# Material provided

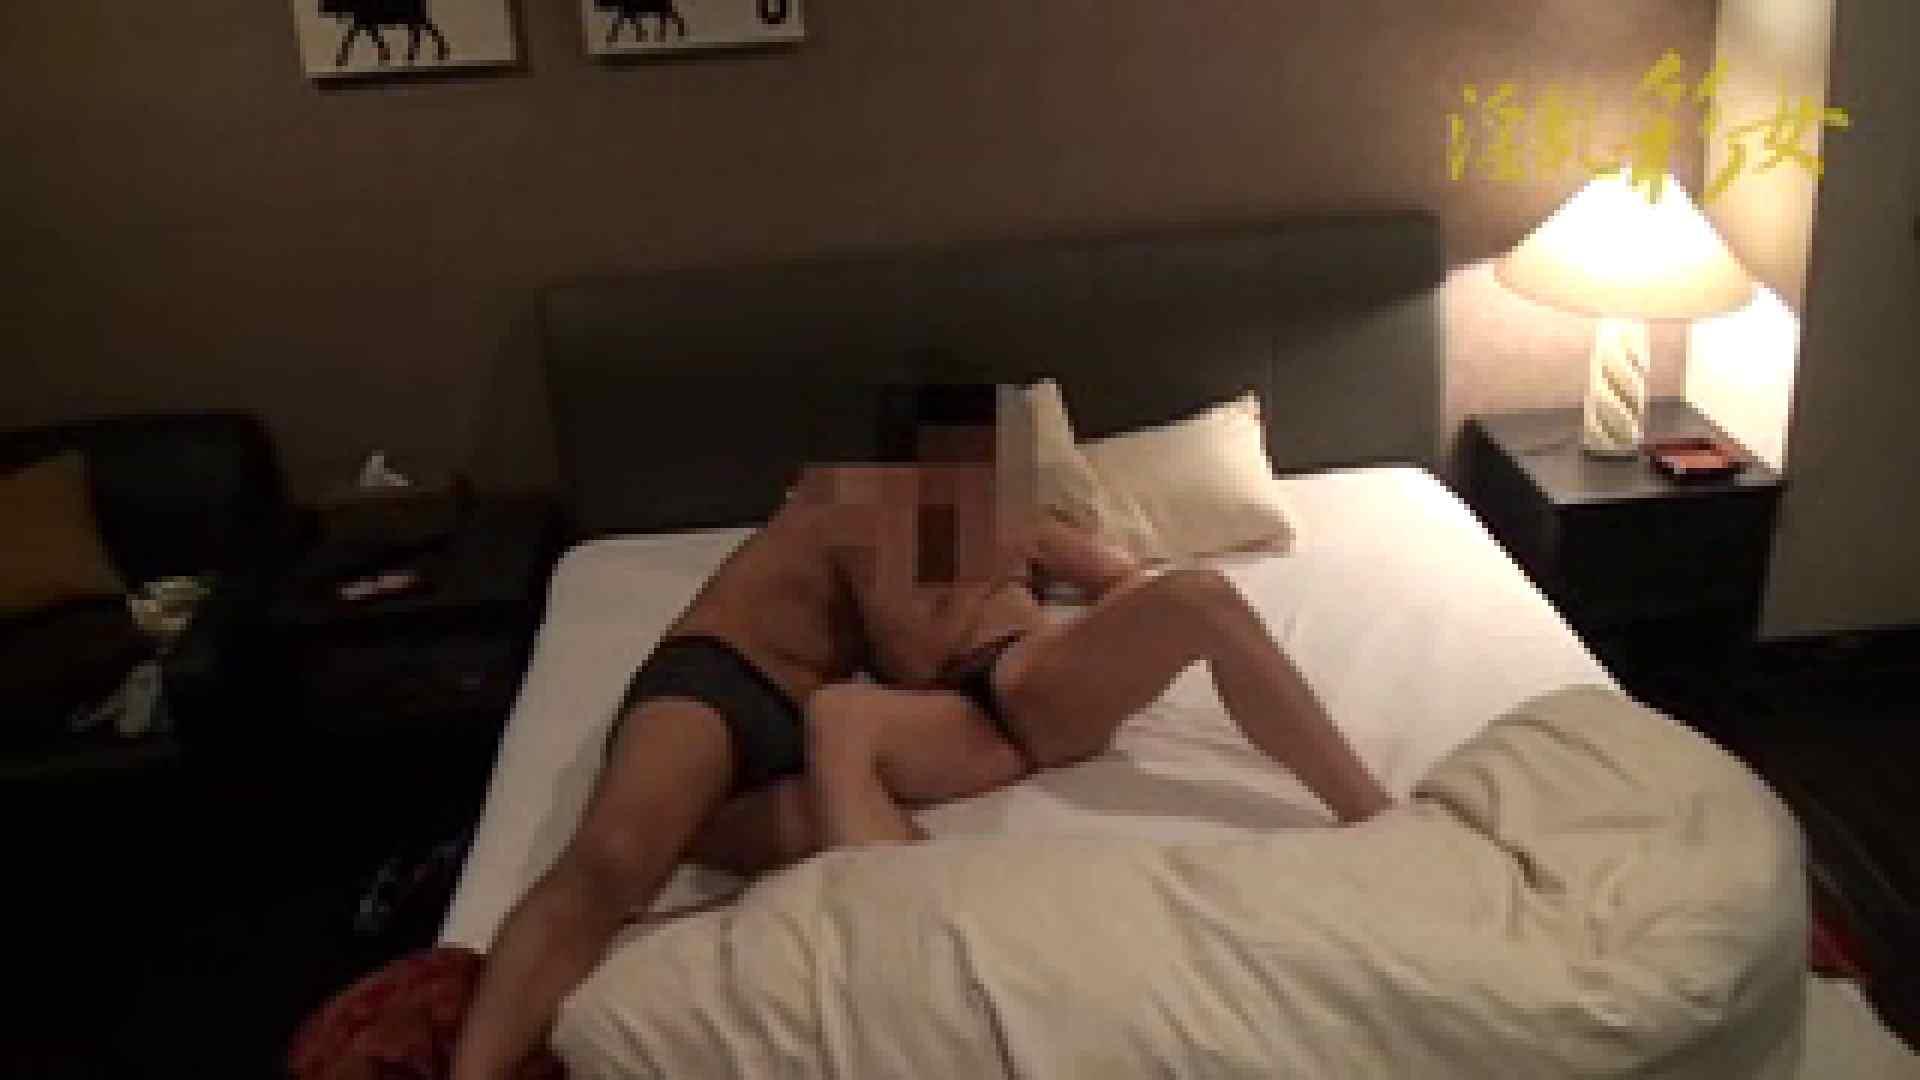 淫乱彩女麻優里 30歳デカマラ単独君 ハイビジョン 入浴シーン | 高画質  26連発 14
* * *
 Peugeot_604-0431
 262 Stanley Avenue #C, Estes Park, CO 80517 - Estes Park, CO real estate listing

# What the task asks
Would you please copy, word for word, everything above from the line containing "Peugeot_604-0431" down to the line containing "262 Stanley Avenue", those two lines included?

# Answer to the exercise
 Peugeot_604-0431
 262 Stanley Avenue #C, Estes Park, CO 80517 - Estes Park, CO real estate listing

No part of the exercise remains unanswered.